EXERCISE REQUIREMENTS
Your task is to print all of the data below exactly, with no pictures included.

RECORDED INFORMATION
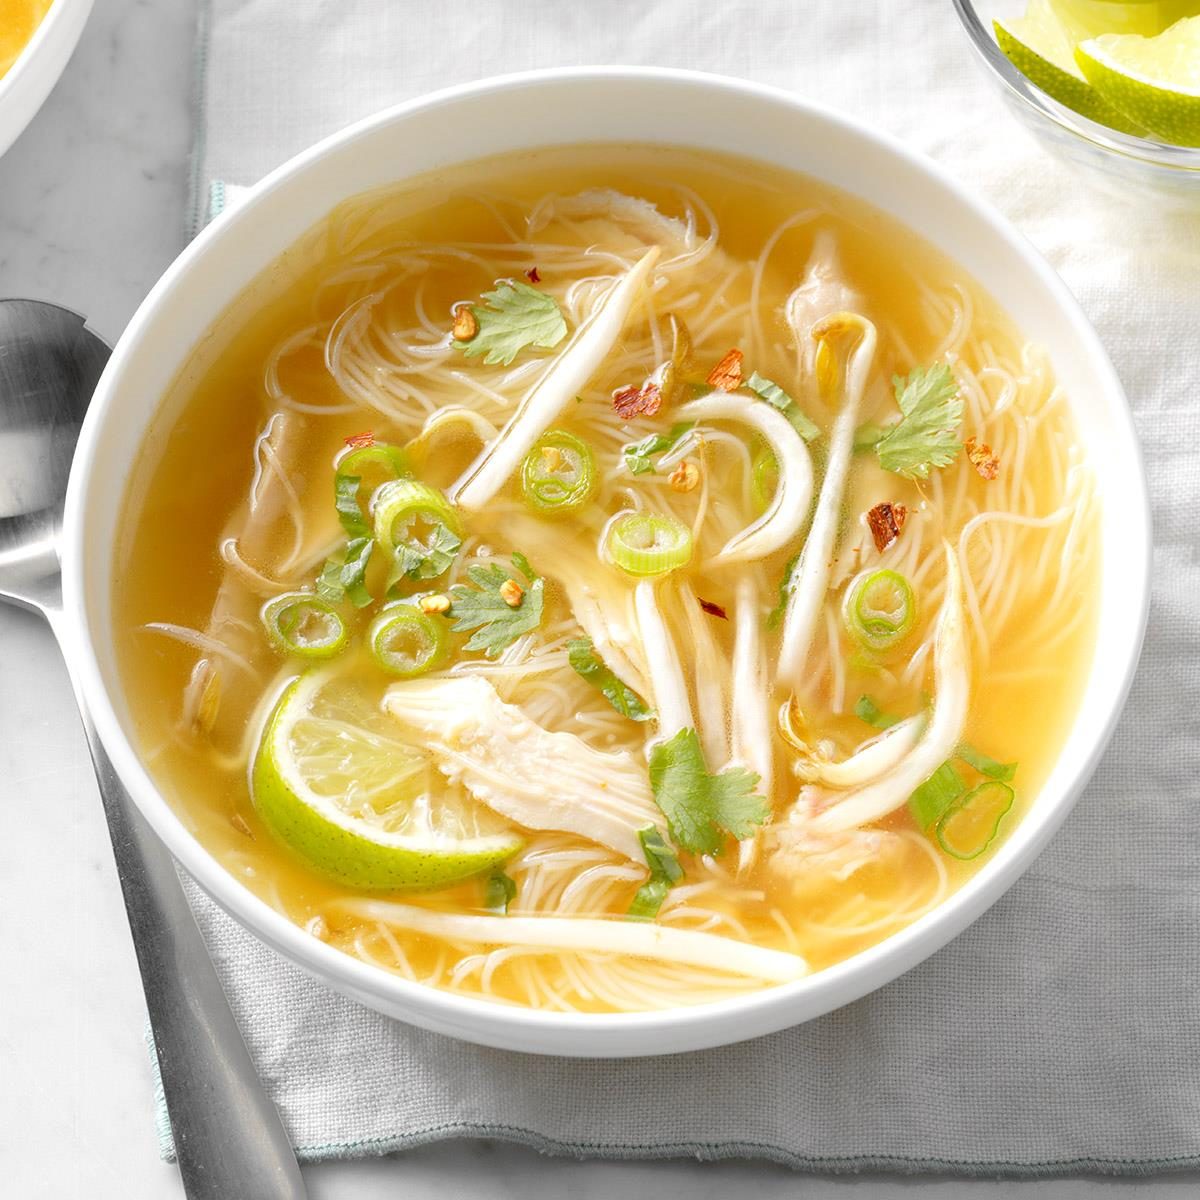 Thai Chicken Noodle Soup Recipe: How to Make It
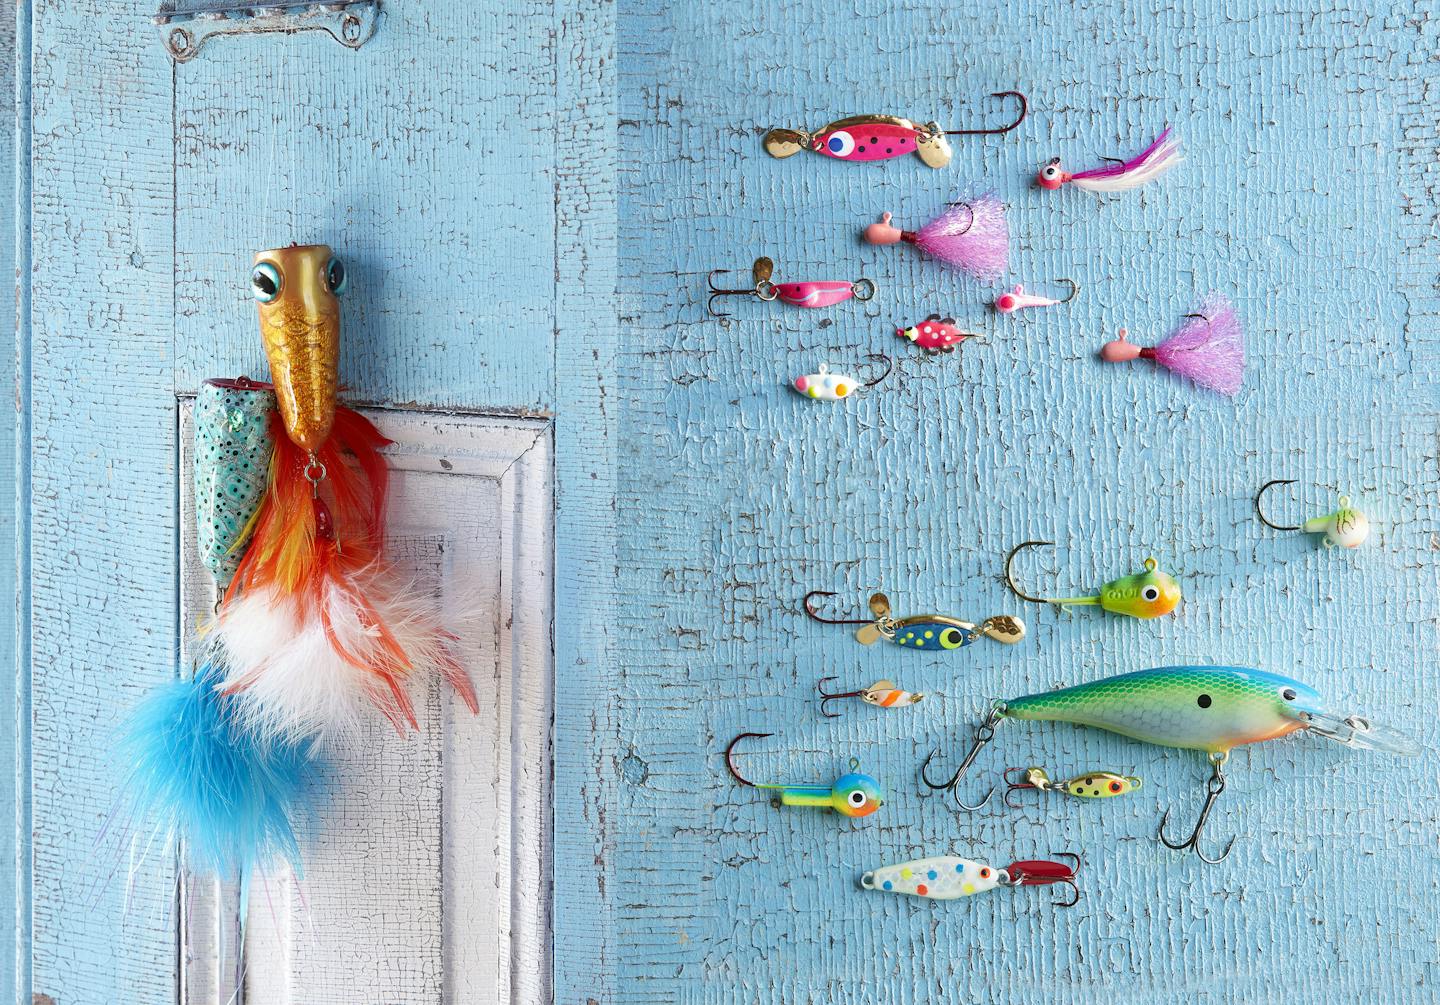 Home - Snyders Lures
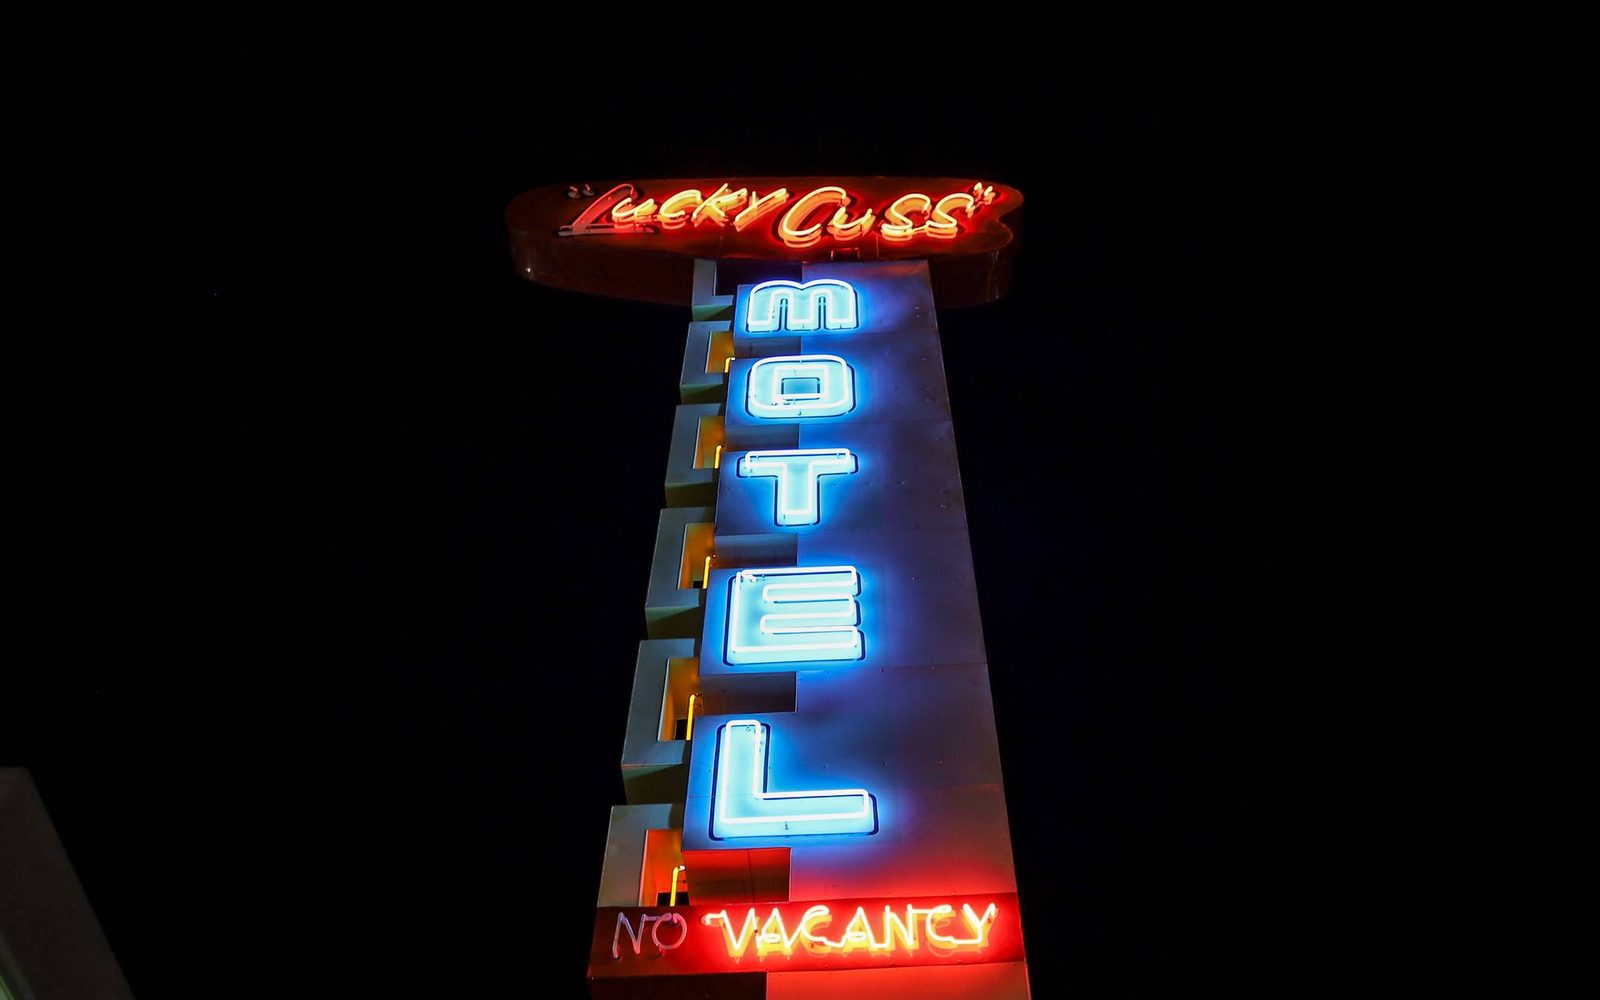 Lucky Cuss Motel - part of the Las Vegas Scenic Byway project
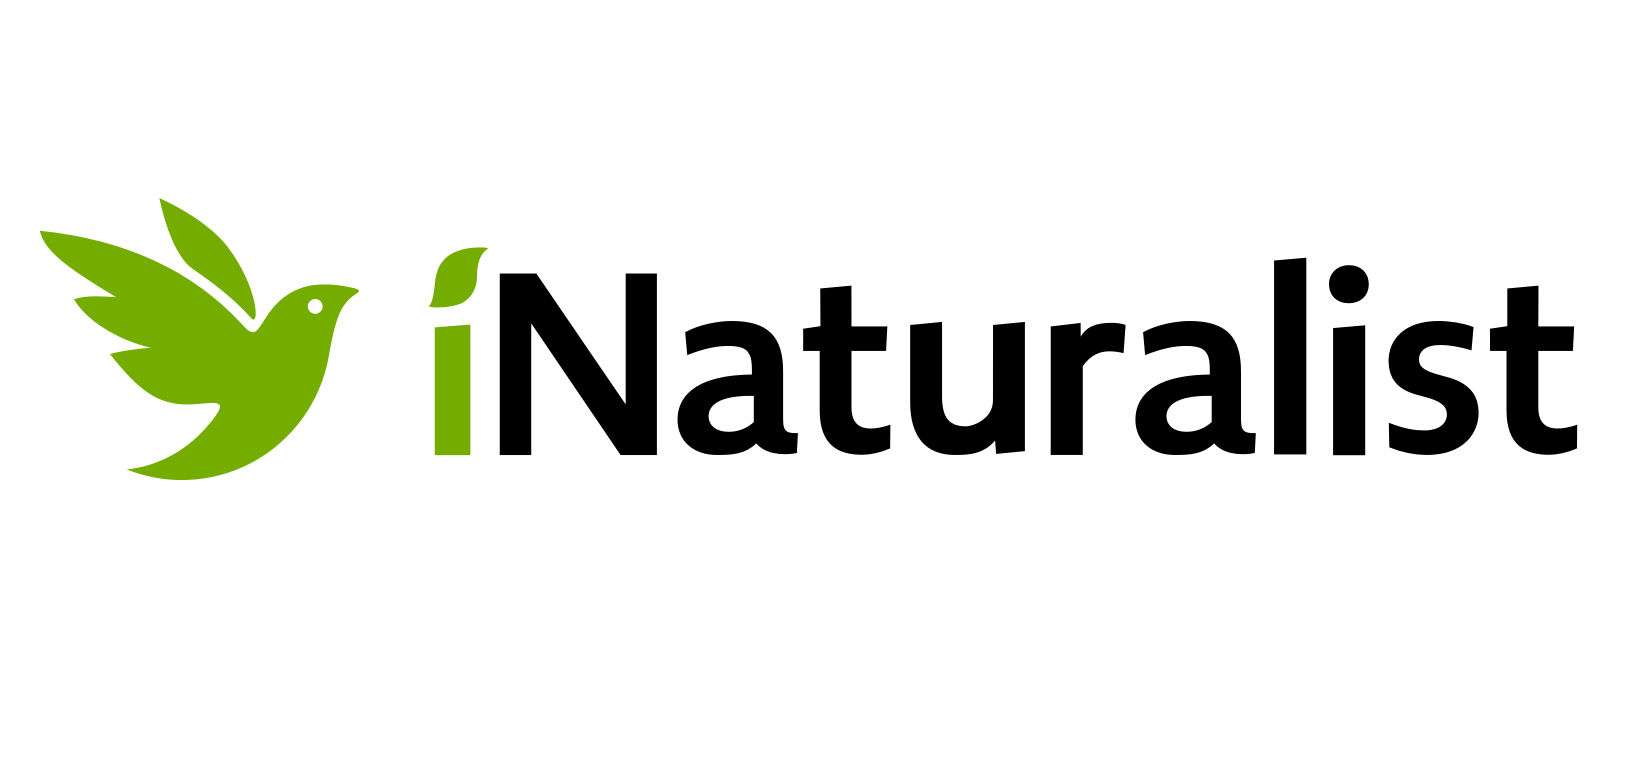 iNaturalist is a citizen science project and online social network of natur...

ANSWER TO THIS EXERCISE
 Thai Chicken Noodle Soup Recipe: How to Make It
 Home - Snyders Lures
 Lucky Cuss Motel - part of the Las Vegas Scenic Byway project
 iNaturalist is a citizen science project and online social network of natur...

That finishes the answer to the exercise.